The Obsession Page 38

She left with a slow, simmering cover of Clapton’s “Layla” following her into the night.

She decided the sex dream with Xander with throbbing bass and mad guitar riffs while the house burned around them was inevitable.

Maybe it left her a little edgy, but she had plenty to do to work off the beginnings of sexual frustration. She wasn’t ready to be sexually frustrated, and far from ready to take care of it.

A weekend of quiet, of work, of sun and soft evening rain polished the edges away. As promised, she took morning coffee out on the deck—she would buy a better coffeemaker—and soaked in the silence and solitude.

When she FaceTimed New York on Sunday, her mood was high and light.

“There she is!” Seth, sporting the trim goatee he’d decided he’d needed on his forty-fifth birthday, beamed through her iPad screen.

“Hi, handsome.”

“You talking to me?” Harry moved into view, draping an arm over Seth’s shoulders. The rings they’d exchanged in Boston in the summer of 2004 glinted on their hands.

“Two scoops of handsome.”

“Make it three. Guess who’s here for Sunday dinner?”

Mason slid on-screen just behind them and grinned at her.

“Why, it’s Doctor Agent Carson.”

Just look at him, she thought, so tall and—yes, three scoops of handsome now. And best, happy. He was on his way to doing and being just what he’d set out to do and be. “How’s the FBI?”

“That’s classified.”

“He just got back from upstate,” Seth told her. “He helped on a kidnapping, helped bring a twelve-year-old girl back home safe.”

“It’s a living. What’s going on with that crazy house you bought?”

“Crazy? Take a look.” She panned the tablet, slowly circling the kitchen. “Who’s crazy?”

“Naomi, it’s beautiful. Look at that range hood, Seth! You went with the Wolf.”

“I listen.”

“Forget the range hood,” Seth said. “The cabinets are fabulous. Why are they empty? Harry, we need to send her some dishes.”

“No, no, I’ve got a line on that. I’ll send you the link to what I’m looking at. I’m taking you upstairs. I want you to check out the master bedroom walls—which I painted myself.”

“You?” Mason snorted.

“Every inch of them.
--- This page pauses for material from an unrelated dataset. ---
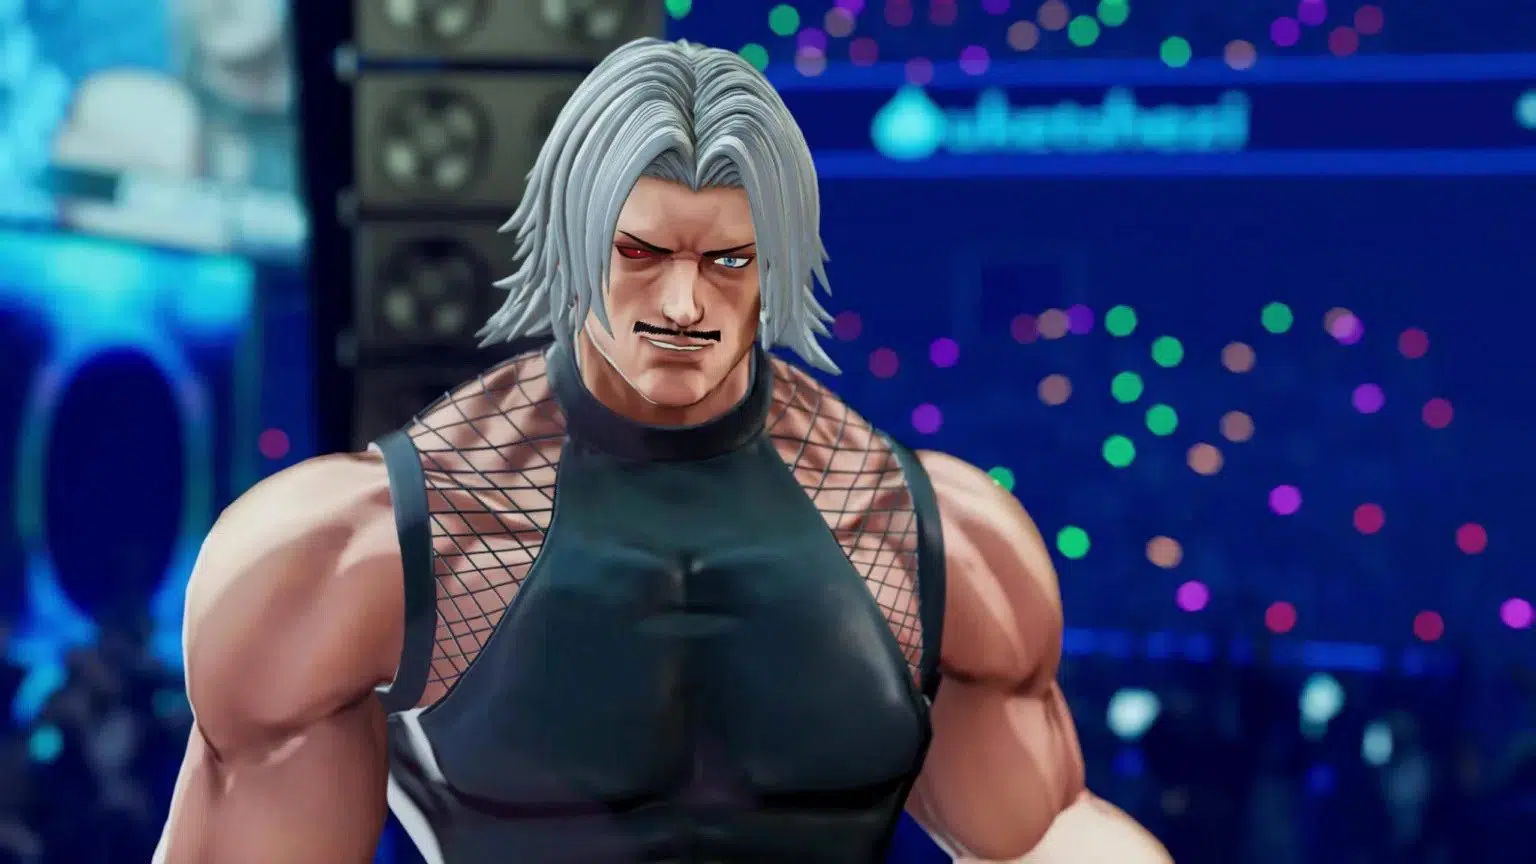 King of Fighters 15 Update 1.21

I may never pick up a paint roller again in my life, but I did every inch of this room.”

“And how many rooms in that place again?”

“Shut up, Mason. Now be honest—does the color work?”

Upstairs she did another slow pan.

“Pretty and restful,” Seth declared. “Now why don’t you have an actual bed?”

“It’s on the list.” The really long list. “Really, I just finished the paint, and I finally set up a temporary mat room. I have a ton of stuff I’ve been processing and printing.”

“You work too hard, too much,” Seth objected.

“You worry too hard, too much. I went out with friends Friday night, had a drink, listened to a local band.”

“Seeing anyone?” Harry prompted, and behind him Mason rolled his eyes—mouthed, Better you than me.

“I see lots of people. The crew’s here eight hours a day, five days a week.”

“Any good-looking, single men in that crew?”

“Are you looking for one?”

Harry laughed. “Got all I can handle.”

“Me, too, right now. I want to hear how you’re all doing. How’s the restaurant? What’s for Sunday dinner? Is Mrs. Koblowki next door still entertaining gentlemen callers?”

She didn’t distract them—she knew better—but they let it go, and for the next fifteen minutes they talked about easy things, funny things, homey things.

When she said good-bye and turned off the tablet, she missed them like a limb.

She worked in the mat room for an hour, tried to settle down at her laptop. But the contact with family left her restless and blue.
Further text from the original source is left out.